Hi Aman,
There may be a few ways to do this. One thing to be aware of is "index selectivity" however, and so if you proceed with option 1, make sure to analyze the distribution of values in your fields first. (Google "index selectivity" for more details.)
Let's take it back to the Cars analogy :)
Say Ford is manufacturer, and within the set of cars manufactured by Ford, there are types of car such as "Estate", "Pickup" etc. You could say that the types manufactured by Ford are a subset of all Ford cars, but also other manufacturers might manufacture cars of the same type. So you do indeed need to model the subset relationship.
If you build a HashIndex on Car.manufacturer and Car.type, then great it will reduce the candidate set somewhat. But the "selectivity" of both those indexes would be fairly poor. Say you had a collection of 100000 cars, of which 50000 (50%) are manufactured by Ford, and 50000 (50%) are manufactured by Honda. Let's say 50% of Ford's fleet are Pickup trucks (25000 cars), but let's say that 50% of Honda's fleet are also pickup trucks (25000 cars).
Given a query "and(equal(Car.manufacturer, "Ford"), equal(Car.type, "Pickup"))", CQEngine will have a choice between both of those indexes, but neither index alone will uniquely identify "Ford Pickup" cars. The index on manufacturer ("Ford") will narrow the candidate set to 50000, and the index on type ("Pickup") will narrow the candidate set to 50000 also (i.e. Ford manufactured 25000 Pickups, and Honda manufactured another 25000). The candidate sets from either of those indexes will be large at 50000 cars, 50% of the collection, requiring a non-trivial amount of filtering. So this is where you might run into problems with option 1.
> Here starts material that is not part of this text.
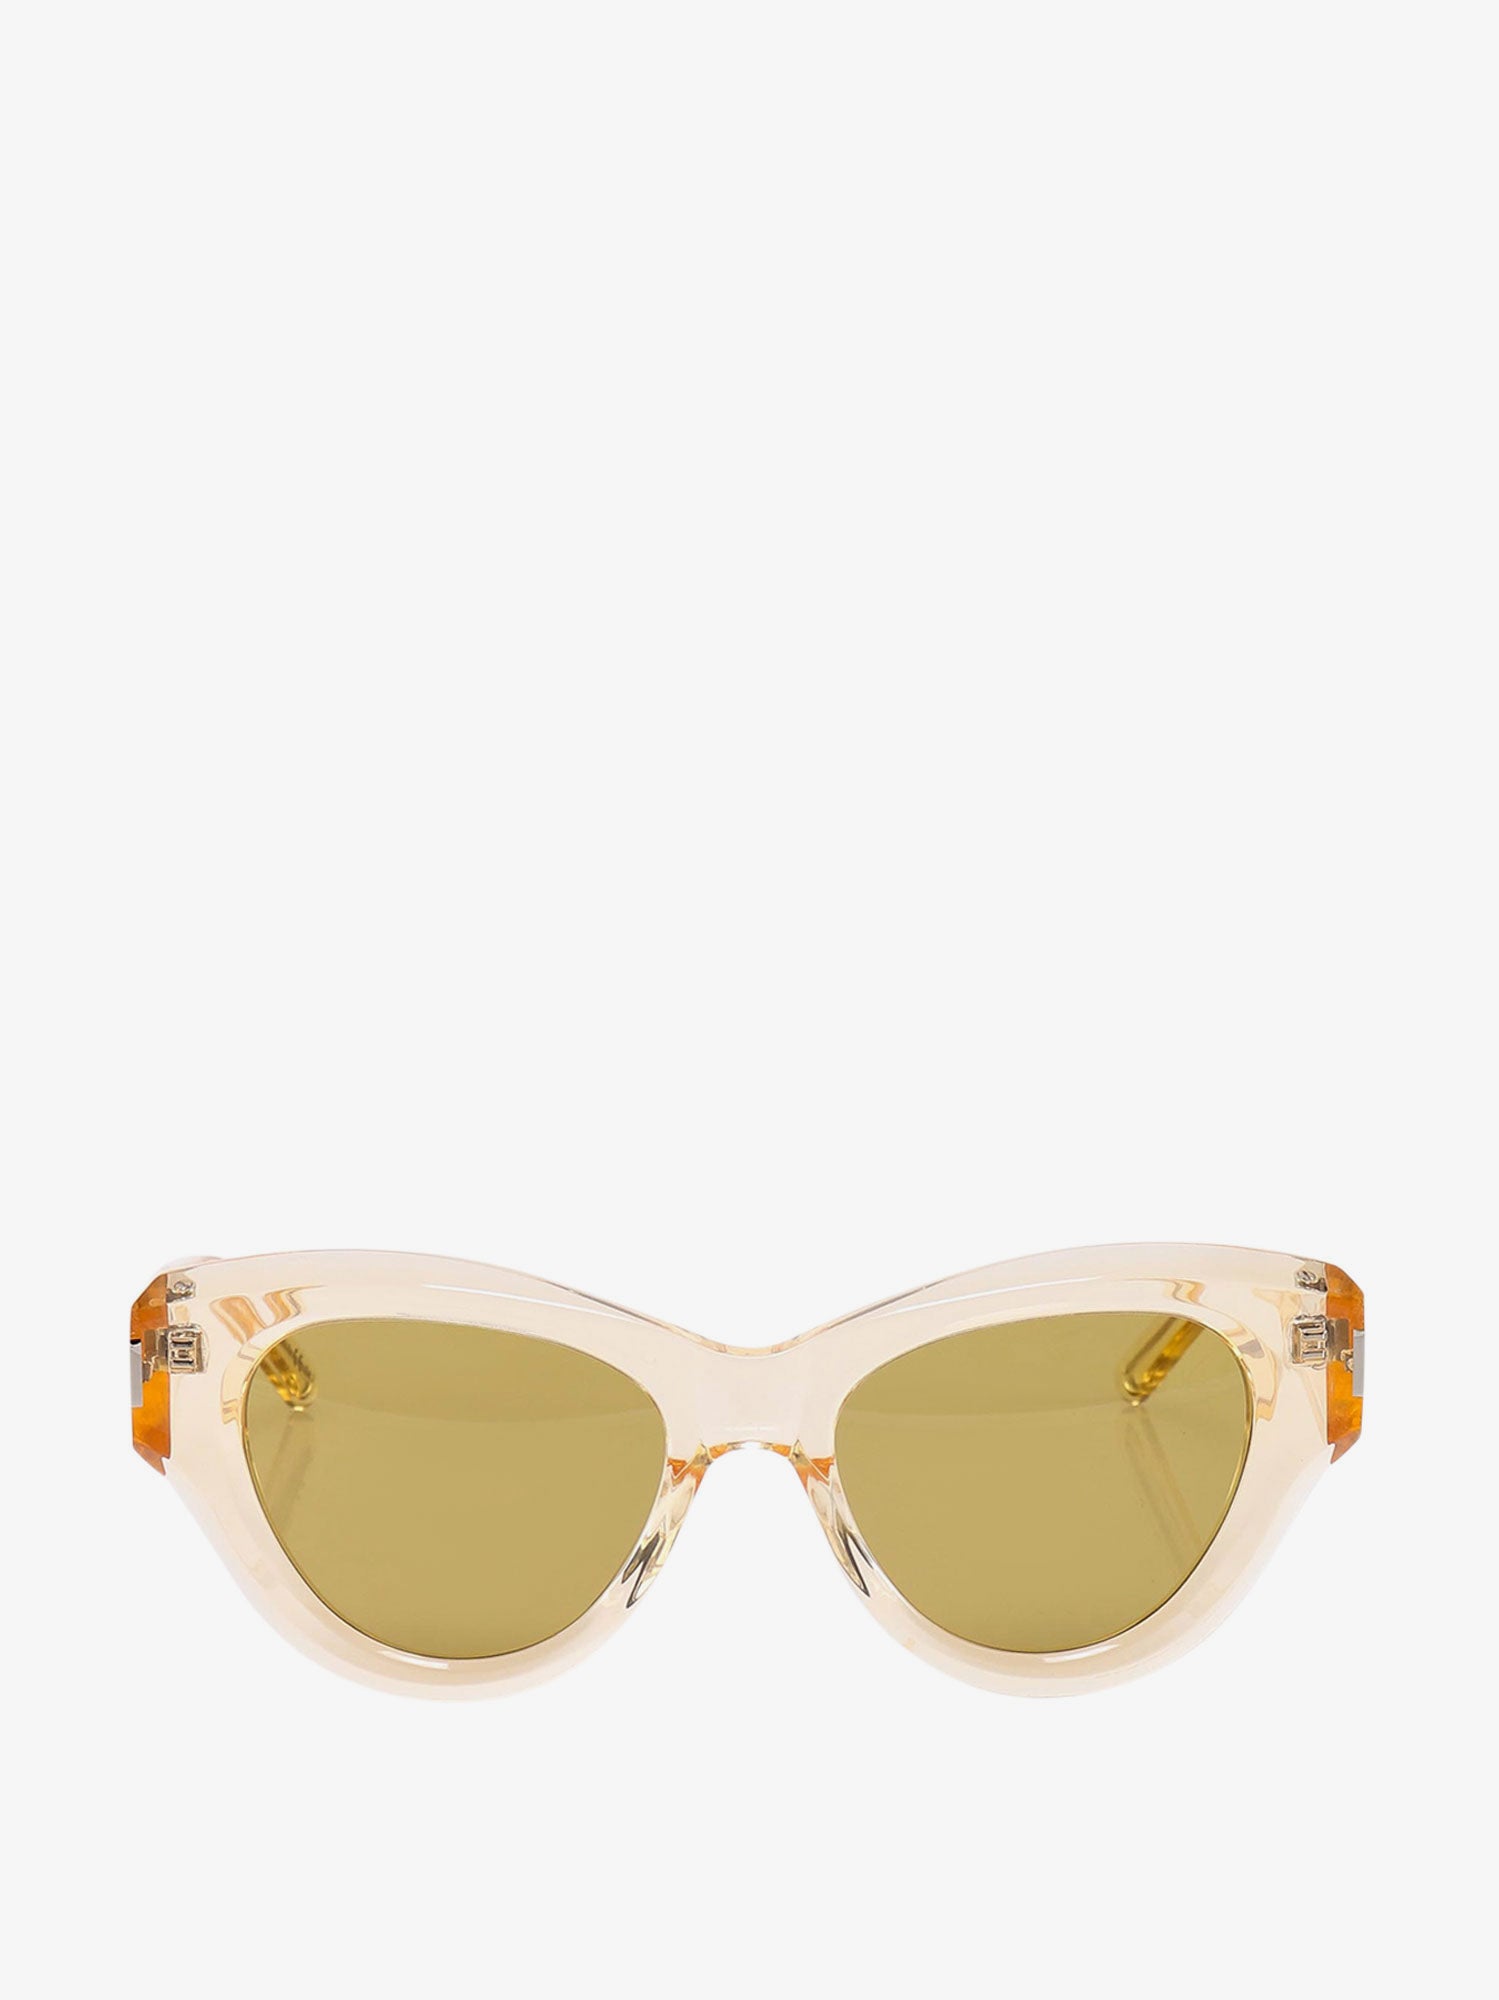 Saint Laurent Sunglasses In Yellow

However often this is where CompoundIndex comes in. If you "addIndex(CompoundIndex.onAttributes(Car.manufacturer, Car.type))" then CQEngine will build an index on the *combinations* of those two attributes. This way it can jump immediately to "Ford Pickup" cars which is much smaller, 25% of the collection, requiring much less filtering.
Ultimately, if you analyze the "selectivity" of field values in your collection, you might find that it's not worth adding indexes on certain fields at all. For example any particular value of Car.type matches a large fraction of the entire collection. So to make the retrieval faster you can use CompoundIndex to build indexes over combinations of fields.
So it sounds like CompoundIndex might allow you to model your isSubsetOf relationship in an indirect way?
An alternative to a CompoundIndex, is to define a virtual attribute which is a combination of the two fields, and then you can build any type of index on top of the virtual attribute. This may allow you to model isSubsetOf relationships directly, and might be closer to your option 2.
A simple way with string fields, is to concatenate them in the virtual attribute such that the attribute returns "Ford Pickup", "Ford Estate" etc even though no such field really exists in the objects. For non-string fields, you can define an attribute which returns "CarType" objects encapsulating two fields manufacturer and type, and implement equals(), hashCode() (and Comparable.compareTo() for NavigableIndex) as normal on that value object. You can then query the collection by supplying a CarType object encapsulating the sought combination of those fields (this is like Hibernate's "query by example"). This approach is for advanced cases. CompoundIndex exists to automate boilerplate like that.
With both CompoundIndex and when building indexes on virtual attributes, you might also wish to control the tradeoff between retrieval time and memory required by the index. Take a look at Quantizers which can transparently group objects into the same buckets inside indexes, trading retrieval speed for reduced overall size of the indexes.
I'm not sure but I hope that helps,
Niall